Computer algorithms analyzing digital pathology slide images were shown to detect the spread of cancer to lymph nodes in women with breast cancer as well as or better than pathologists, in a new study published online in the Journal of the American Medical Association.1
Researchers competed in an international challenge in 2016 to produce computer algorithms to detect the spread of breast cancer by analyzing tissue slides of sentinel lymph nodes, the lymph node closest to a tumor and the first place it would spread. The performance of the algorithms was compared against the performance of a panel of pathologists participating in a simulation exercise.
Specifically, in cross-sectional analyses that evaluated 32 algorithms, seven deep learning algorithms showed greater discrimination than a panel of 11 pathologists in a simulated time-constrained diagnostic setting, with an area under the curve of 0.994 (best algorithm) versus 0.884 (best pathologist).
The study found that some computer algorithms were better at detecting cancer spread than pathologists in an exercise that mimicked routine pathology workflow. Additionally, some algorithms were as good as an expert pathologist interpreting images without any time constraints.

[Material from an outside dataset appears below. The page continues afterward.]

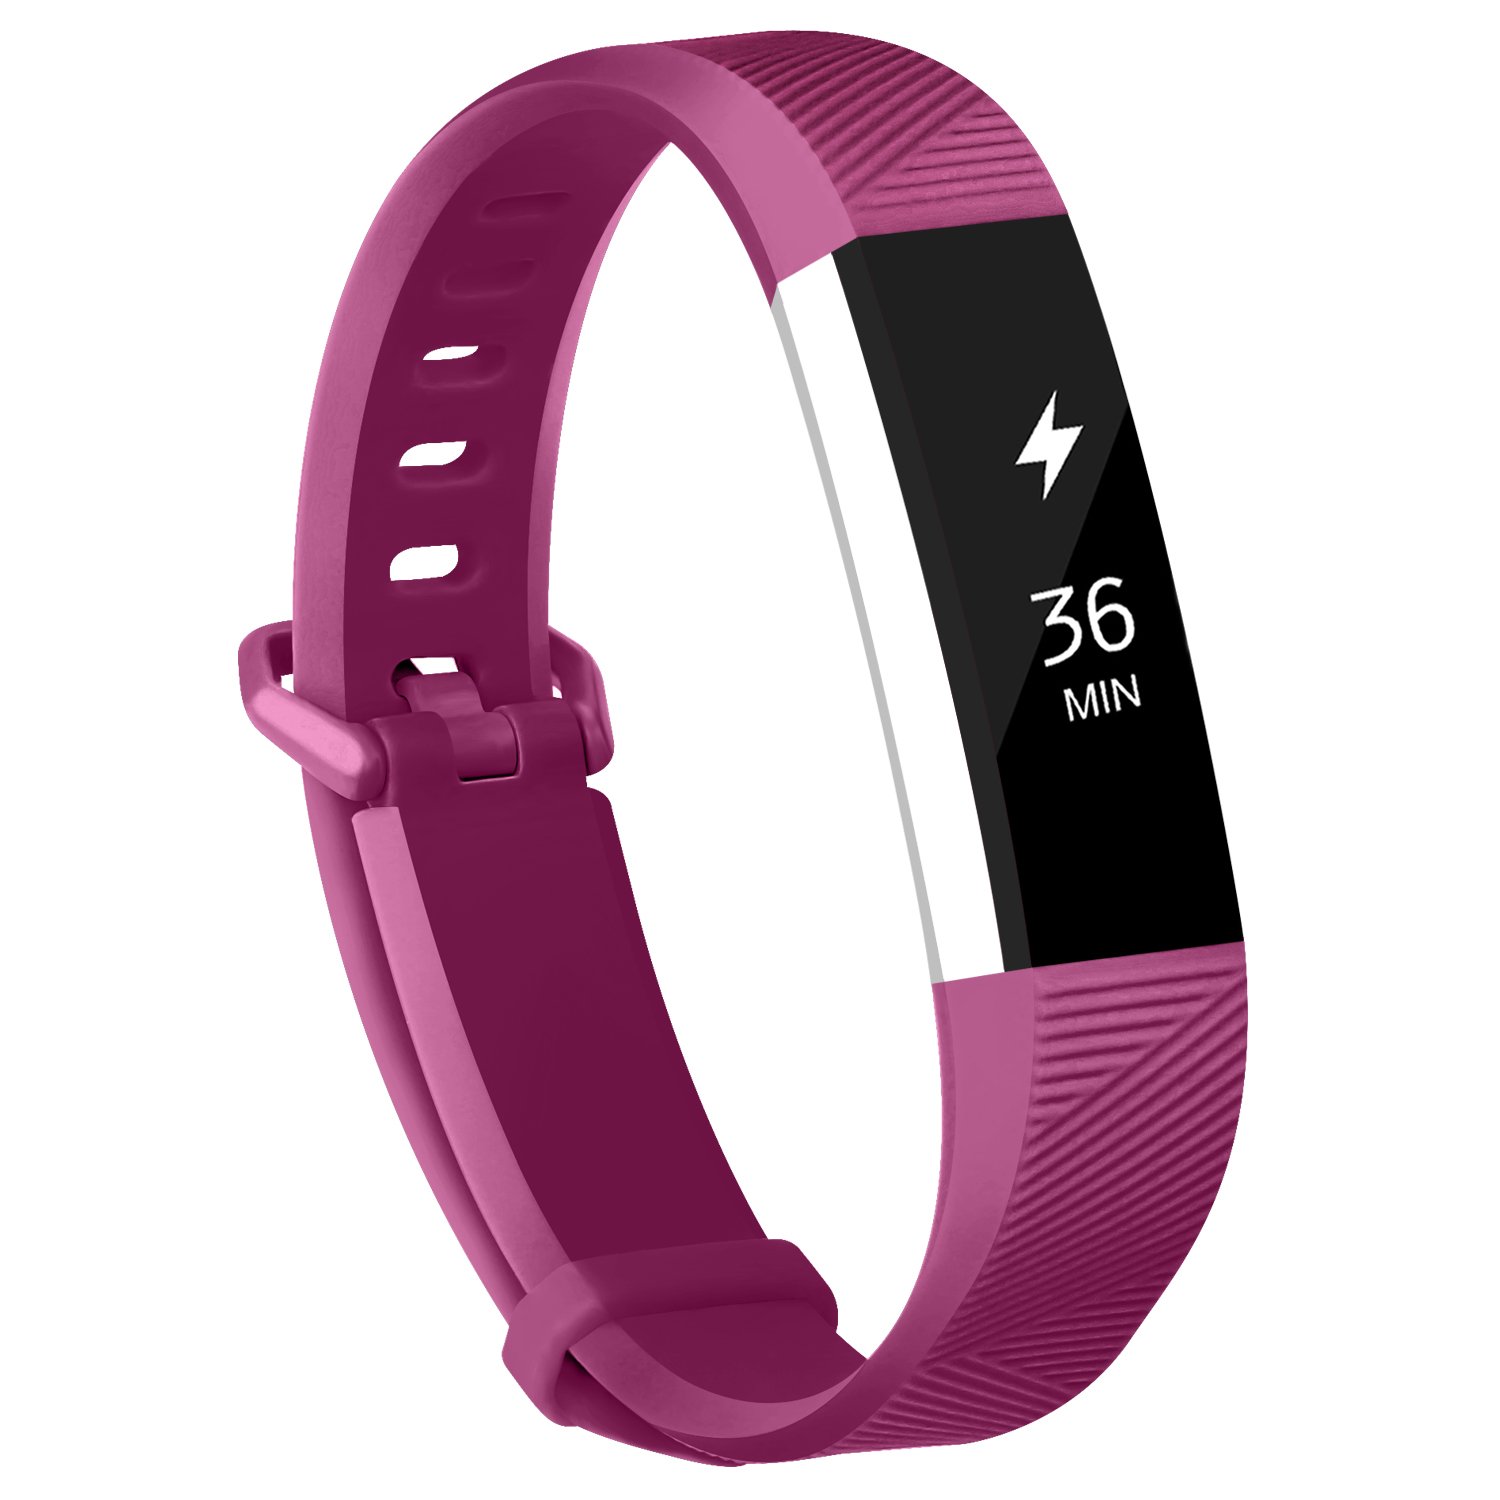  12色 シリコン時計バンド 交換 FitbitアルタHR リストバンド シリコンストラップ クラスプ スマートリストバンド時計  | バリエーション:濃紫

Because the test data on which the algorithms and pathologists were evaluated were not comparable to the mix of cases pathologists encounter in clinical practice, the study authors suggest that in the future, more study should be given toward evaluation in a clinical setting.
1. Bejnordi BE, Veta M, van Diest PJ, et al. Diagnostic assessment of deep learning algorithms for detection of lymph node metastases in women with breast cancer. JAMA. 2017;318(22):2199-2210; doi:10.1001/jama.2017.14585.